On Saturday, manager John Farrell was telling a different story. Per MLB.com’s Sam Blum, Farrell hinted that Sandoval could return to the team as soon as October, albeit in a very limited capacity.
At the time of the surgery, it was all looking at the start of next Spring Training,” Farrell said. “We’re not getting too far ahead of ourselves here, but at the same time, we compliment him for the work he’s put in, the way he’s responded to the rehab, the way he’s worked himself into better condition. We’re staying open-minded.
If the 30-year-old does return in 2016, don’t expect him to look like the three-home run hitter of the 2012 World Series. Should the Red Sox lose another player to injury, Sandoval might be called on as a backup option, but he’s unlikely to see substantial playing time under any other circumstances. Despite making two appearances at DH in the instructional league, Sandoval has not started at third base since undergoing surgery, though Farrell noted that a return to third base would be the next logical step in his recovery process.

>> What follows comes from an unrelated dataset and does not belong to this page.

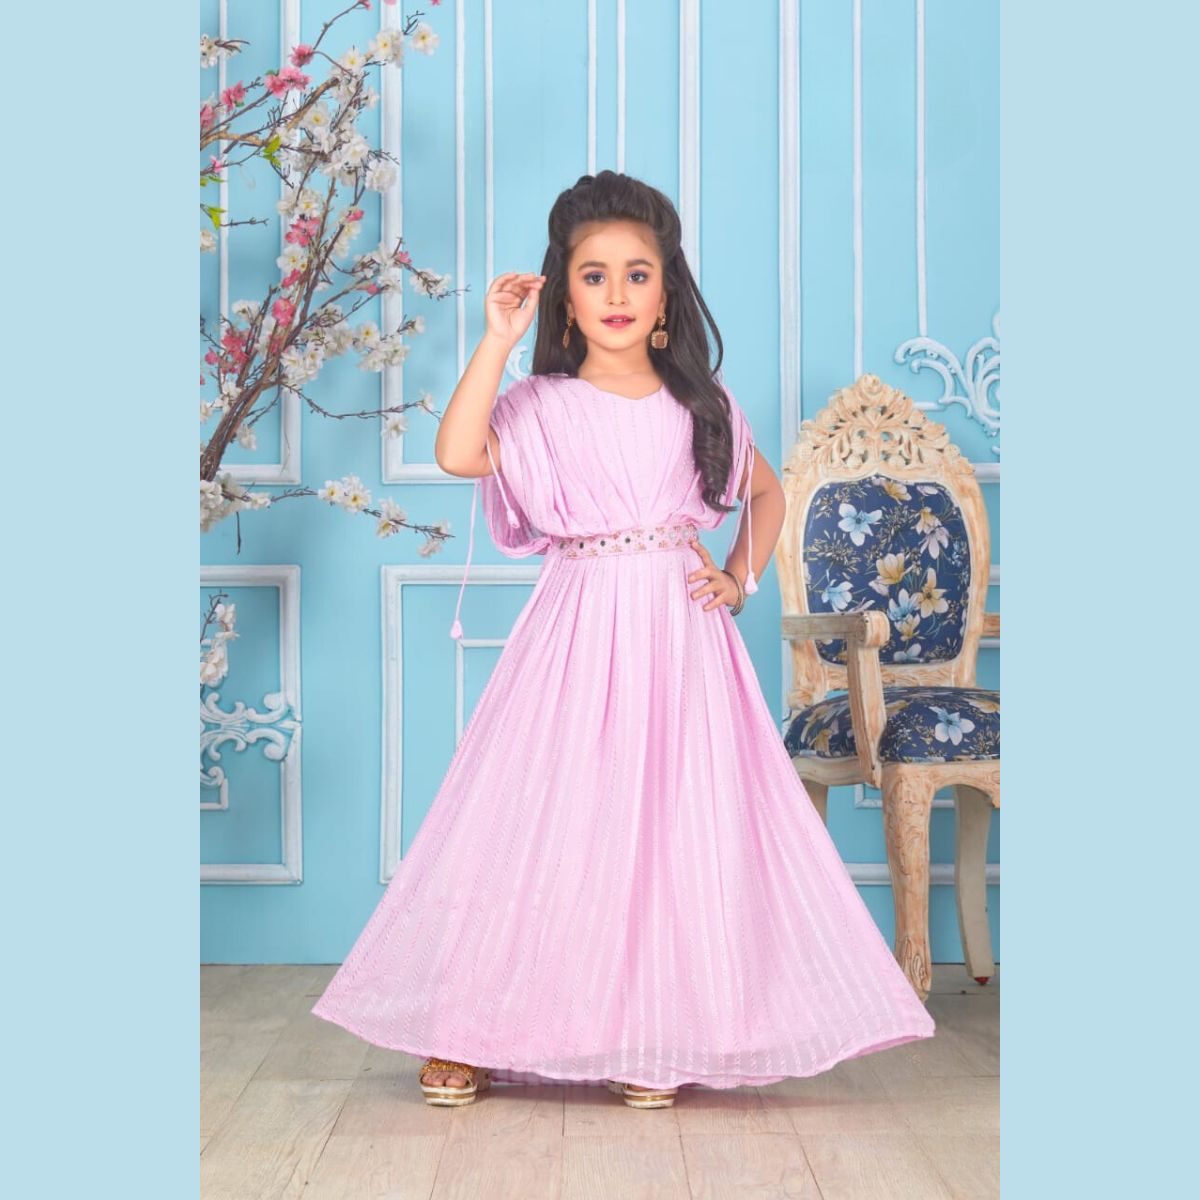 Dresses - Indian Kids Wear: Buy Ethnic Dresses and Clothing for Boys & Girls
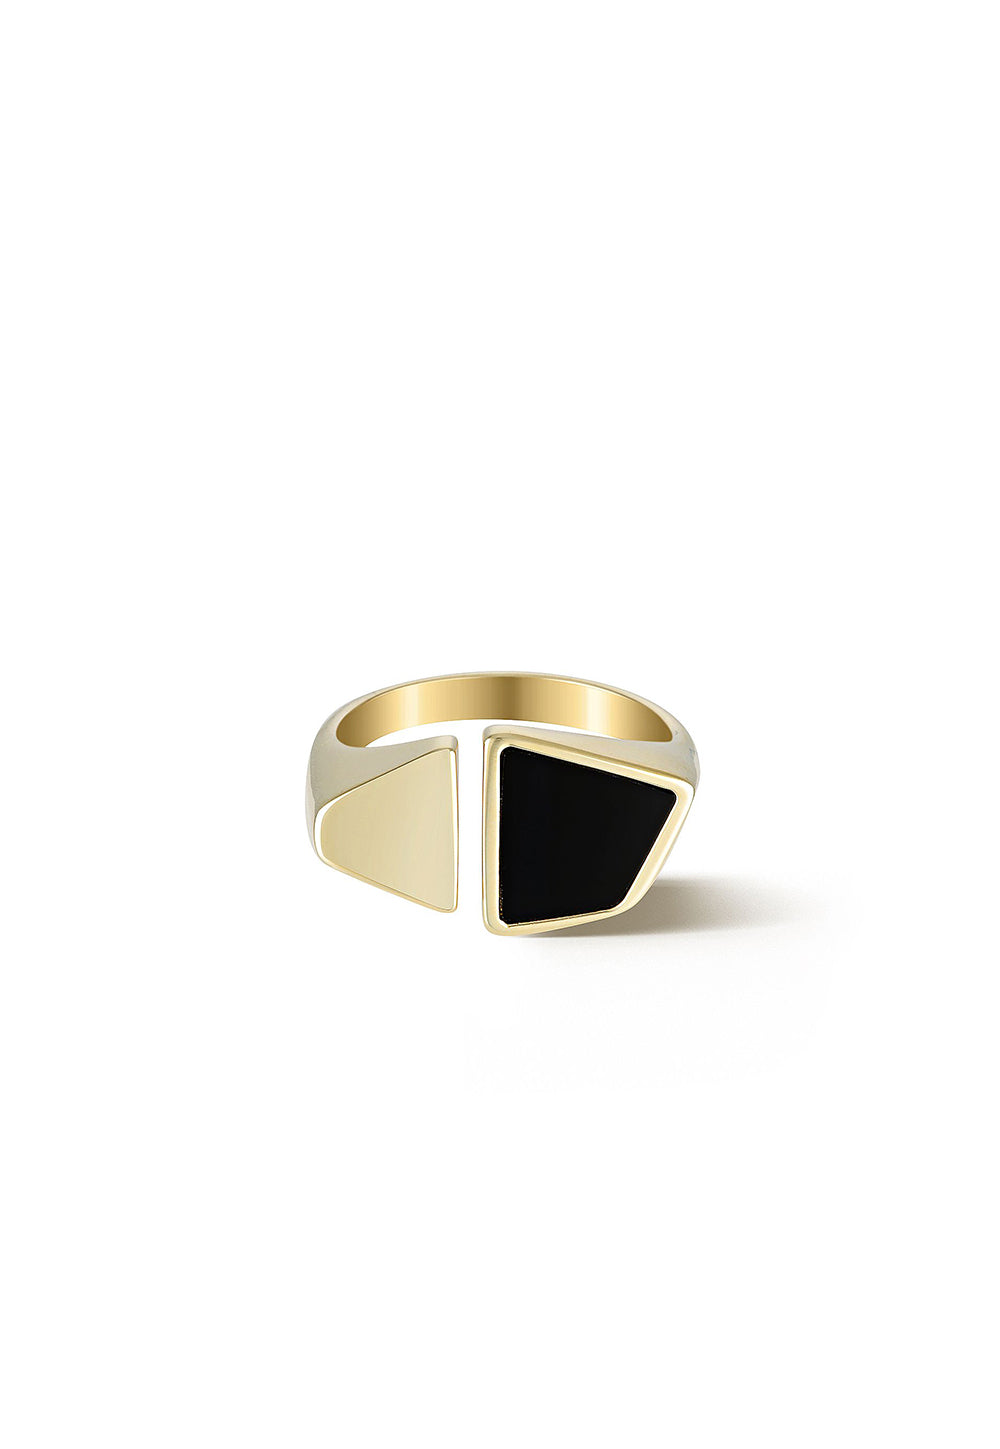 The Aiya Ring sold by Angel Divine

Sandoval has yet to hit his stride within the Red Sox’ organization after hitting career-worst numbers in 2015. According to FanGraphs, his Offensive Runs Above Average (Off) plummeted to -20.2, contributing approximately two wins fewer than the average offensive player in 2015. (The Diamondbacks’ Chris Owings held the lowest Off mark in 2015, with -26.3 runs below average.) Sandoval has not appeared in a postseason race since the Giants’ championship run in 2014.
Heading into Saturday evening, the Red Sox could clinch their spot in the postseason with a win over the Rays and an Orioles’ loss.